George unfolds some pages and holds them to the light, clears his throat. ‘I was thinking I’d read to you from the book I’m currently writing, but it’s about thousands of Chinese refugees starving to death, fleeing the Japanese, so it doesn’t seem quite the thing for this happy occasion.’ He has brought his glass of brandy to the stage and raises it to Gordon. ‘Keep on keeping on, Gordon, and congratulations on the film. I hope it makes you lots of dough,’ he says, and we all cheer, apart from the guest of honour who is still passed out among the cushions.

‘Damn, I was hoping he’d read his bomb poem,’ Jimmy grumbles, as Corso’s snoring grows louder.

George is giving his glasses a quick polish with his handkerchief. He looks like someone’s uncle about to tell a dirty joke. ‘So I’ll read to you from the galley proofs of Closer to the Sun instead. It’s set among a group of cosmopolitan misfits on an Aegean island not unlike this one… but, I hasten to add, any similarities to living people end there.’

I hear a sharp intake of breath from Charmian. I daren’t look at her. It seems we all sit up a bit straighter as George adjusts his specs. Marianne whispers, ‘Please, not this.’

George is enjoying the tension, he almost swaggers as he begins: ‘Poseidon’s Playground. The element of surprise was in fact that the newcomer was not nearly as young as expected…’

It takes a few sentences before we can breathe. George has chosen a scene about a suave but ageing theatre designer named Janáček who arrives on the island. Janáček has ‘the teeth of a dentrifrice advertisement and a cared-for complexion’. Impervious to panic, this Janáček is cared for and fussed over by the younger Kettering, who wears a garishly striped Mykonos shirt and who George, with a little devil perched on his shoulder, is busy describing as a diminutive man with a chestnut-coloured spade beard ‘who fluttered around Janáček’s feet like a hummingbird’.

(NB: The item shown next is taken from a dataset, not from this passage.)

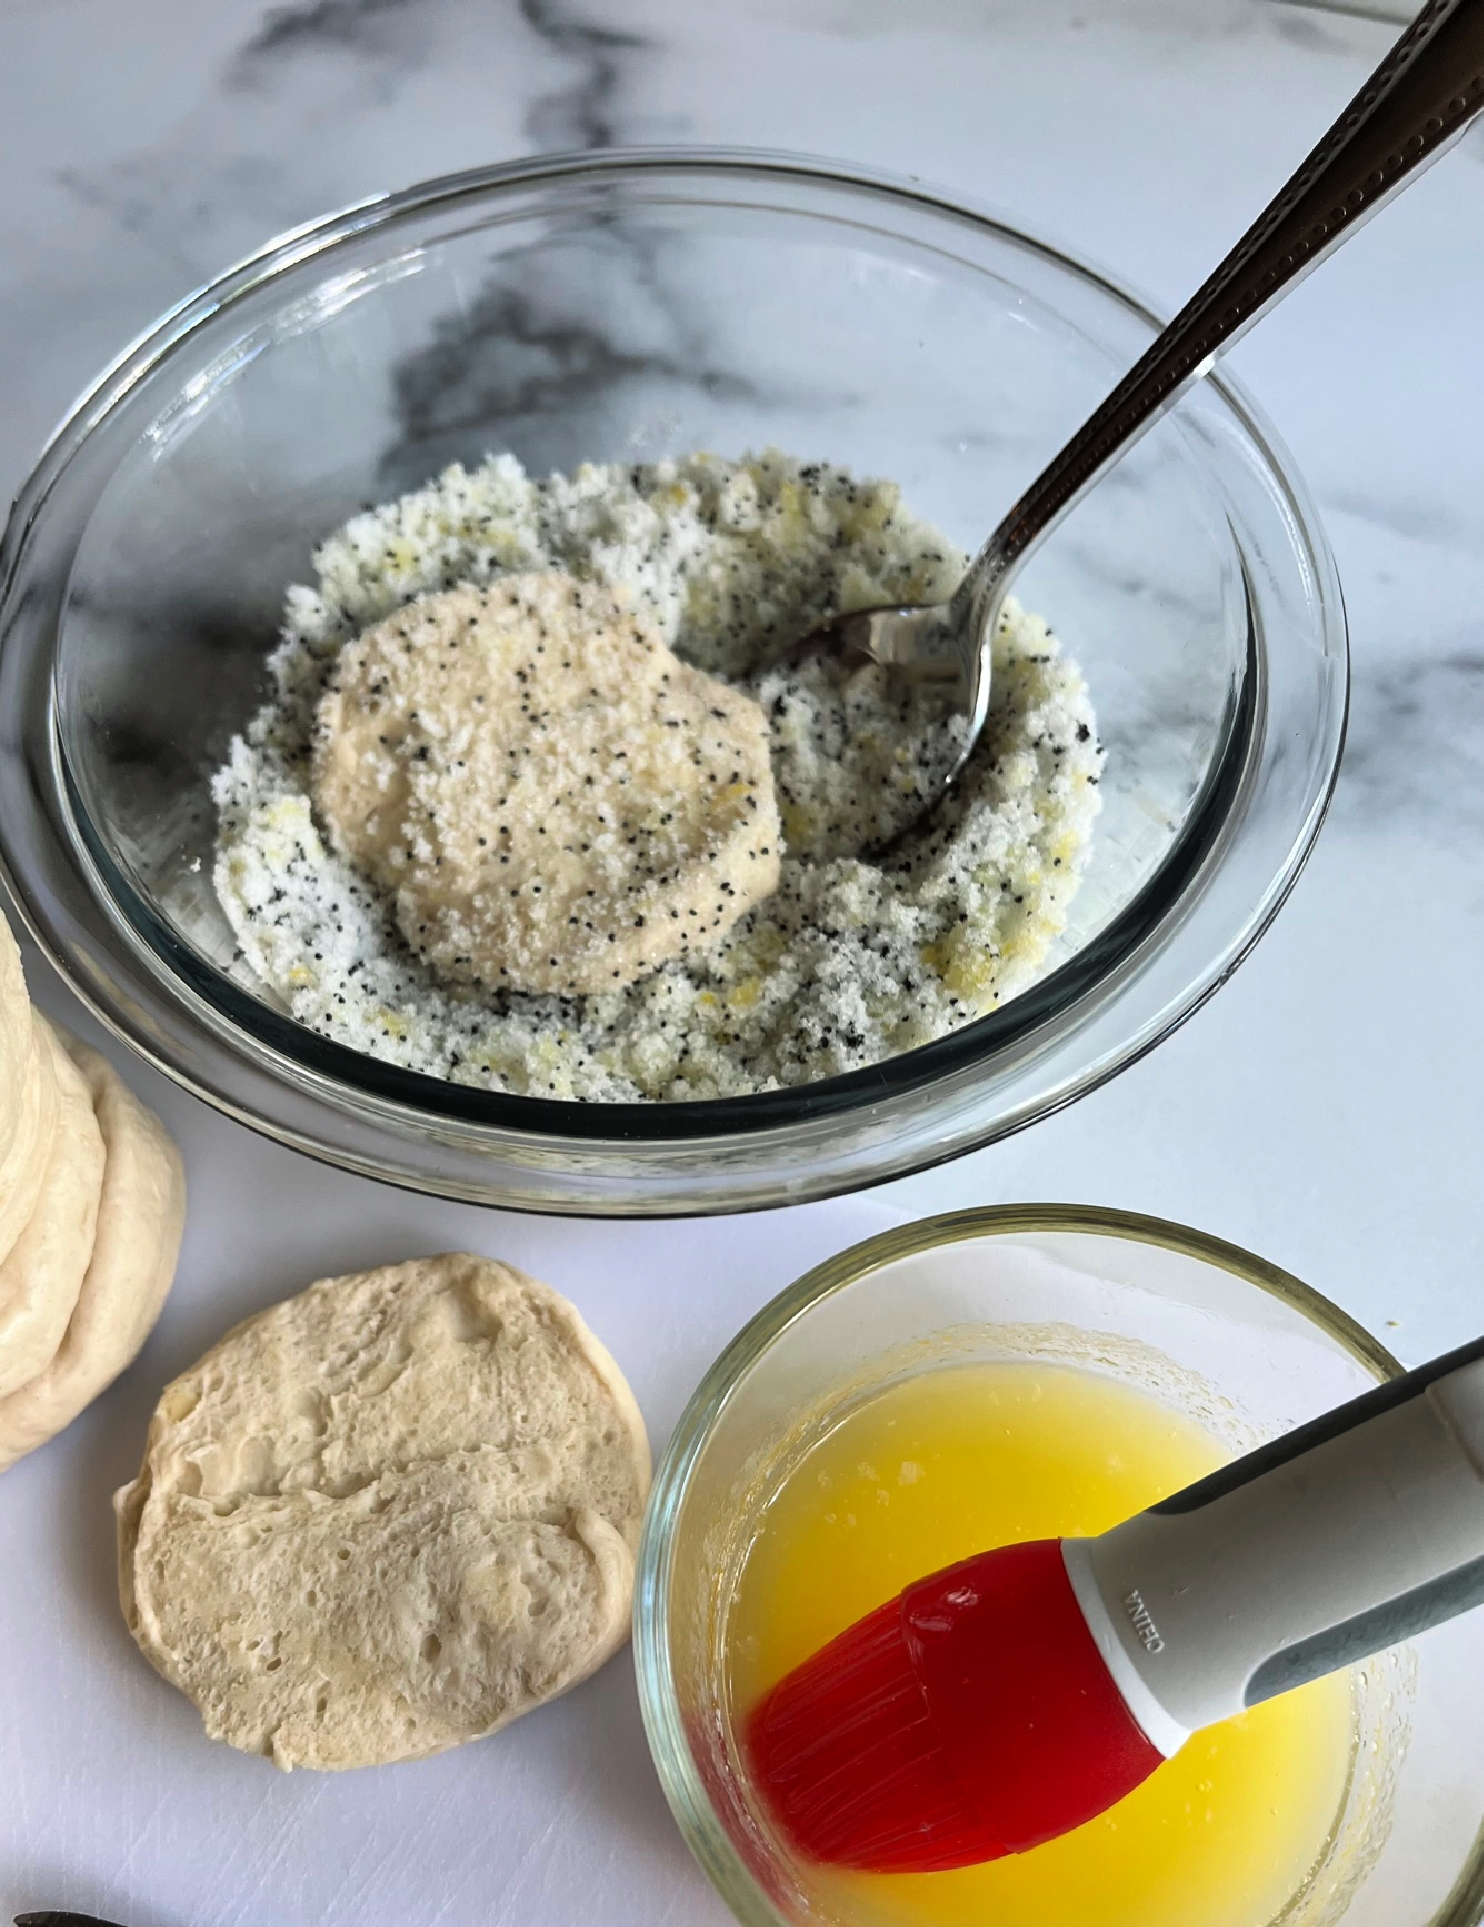 This photo shows a small bowl of melted butter with a brush, a biscuit next to it and a biscuit being coated in the sugar lemon poppy seed mixture in a small clear glass mixing bowl.

It’s hard to tell if Chuck and Gordon fail to see themselves; they manage well if they do, unlike the rest of us.

Thank goodness Charmian’s got something she wants to read. She’s swaying a little as she stands on Chuck’s platform but her voice is steady and clear. She has only a couple of typed pages and she holds them so close to the lamp that her face has an almost ghostly luminosity.